シンガポール民間防衛隊(SCDF)は3月3日、2025年に発生した電気自動車(EV)の火災4件のうち、2件が高電圧バッテリーに関連していたと明らかにした。
4件の内訳は、高電圧バッテリーが原因とみられるものが2件、ダッシュボード内の電気部品が原因のものが1件、残る1件はEVのごみ収集車の後部圧縮装置に起因するものであった。2024年のEV火災は1件にとどまっており、2025年は前年から増加した形である。
高電圧バッテリーは、EVを駆動させる主たる充電式電池である。海外の統計では、EV火災は内燃機関車(ICE車)の火災と比べて発生件数自体は少ないとされる。一方で専門家は、ひとたび発生した場合は消火がより困難になる可能性があると指摘する。
EV火災はICE車の火災に比べ、より高温で長時間燃焼する傾向があり、再発火のリスクもある。また、消火活動中に水が使用される場合、車両の電気系統が感電の危険をもたらす可能性もある。
今回の発表は、SCDFが2月11日に年次統計報告書を公表したことを受けたものである。ただし、車種や充電中の発火か駐車中の発火かといった詳細については明らかにしていない。
EV火災の増加は、国内でのEV普及の急拡大を背景としている。電気自動車およびプラグインハイブリッド車の登録台数は、2023年の1万6,926台から2024年は3万3,561台、2025年には5万5,834台へと急増した。これは、陸上交通における内燃機関技術への依存を減らすという政府の方針を反映した動きである。

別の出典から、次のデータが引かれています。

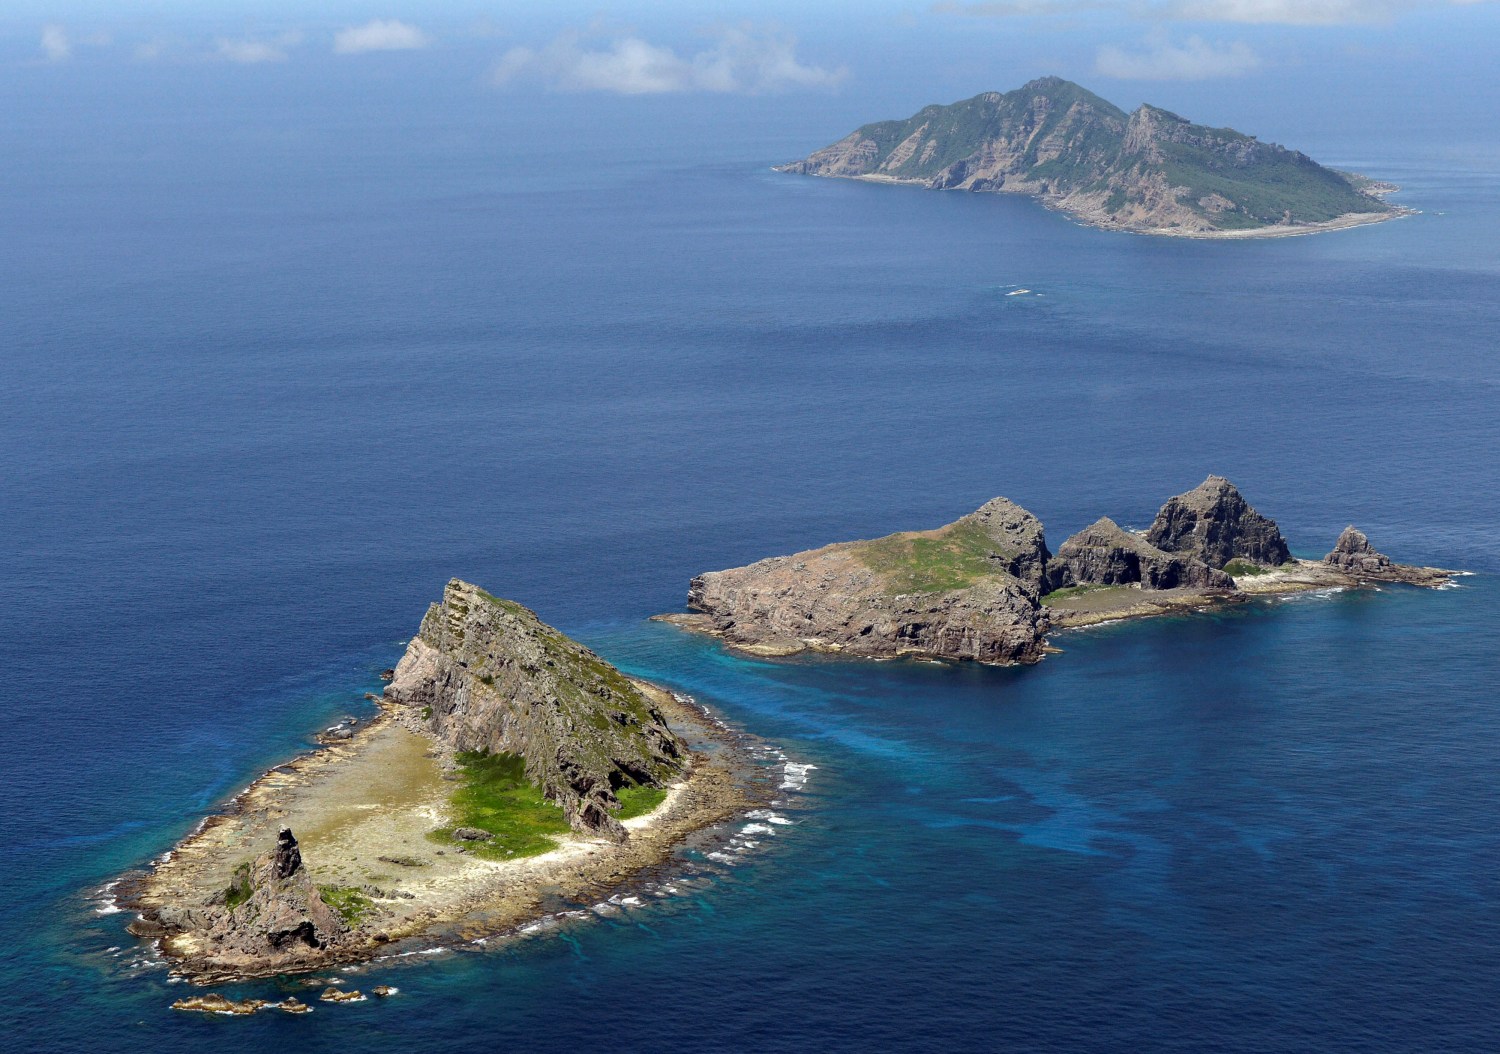 FILE PHOTO - A group of disputed islands, Uotsuri island (top), Minamikojima (bottom) and Kitakojima, known as Senkaku in Japan and Diaoyu in China is seen in the East China Sea, in this photo taken by Kyodo September 2012.  Mandatory credit. REUTERS/Kyodo/File Photo    ATTENTION EDITORS - FOR EDITORIAL USE ONLY. NOT FOR SALE FOR MARKETING OR ADVERTISING CAMPAIGNS. THIS IMAGE HAS BEEN SUPPLIED BY A THIRD PARTY. IT IS DISTRIBUTED, EXACTLY AS RECEIVED BY REUTERS, AS A SERVICE TO CLIENTS. MANDATORY CREDIT. JAPAN OUT. NO COMMERCIAL OR EDITORIAL SALES IN JAPAN         - S1AETIVBNCAA

プラグインハイブリッド車はEV用ウォールチャージャーで充電が可能で、一般的なガソリンハイブリッド車よりも大型の高電圧バッテリーを搭載している。
当局は現在、EVおよびプラグインハイブリッド車について、従来車と異なるナンバープレートを導入する必要があるかどうかを検討している。事故時に専門的な対応が必要な車両を、初動対応者が迅速に識別できるようにすることが目的である。
SCDFは「緊急対応ハンドブック」において、EVが火災に見舞われた場合は車両から少なくとも15メートル離れ、995へ通報するよう呼びかけている。その際、車両のナンバープレート番号または車種名、火災発生箇所(前方ボンネット部、中央部、車体下部など)を簡潔に伝えることが重要であるとしている。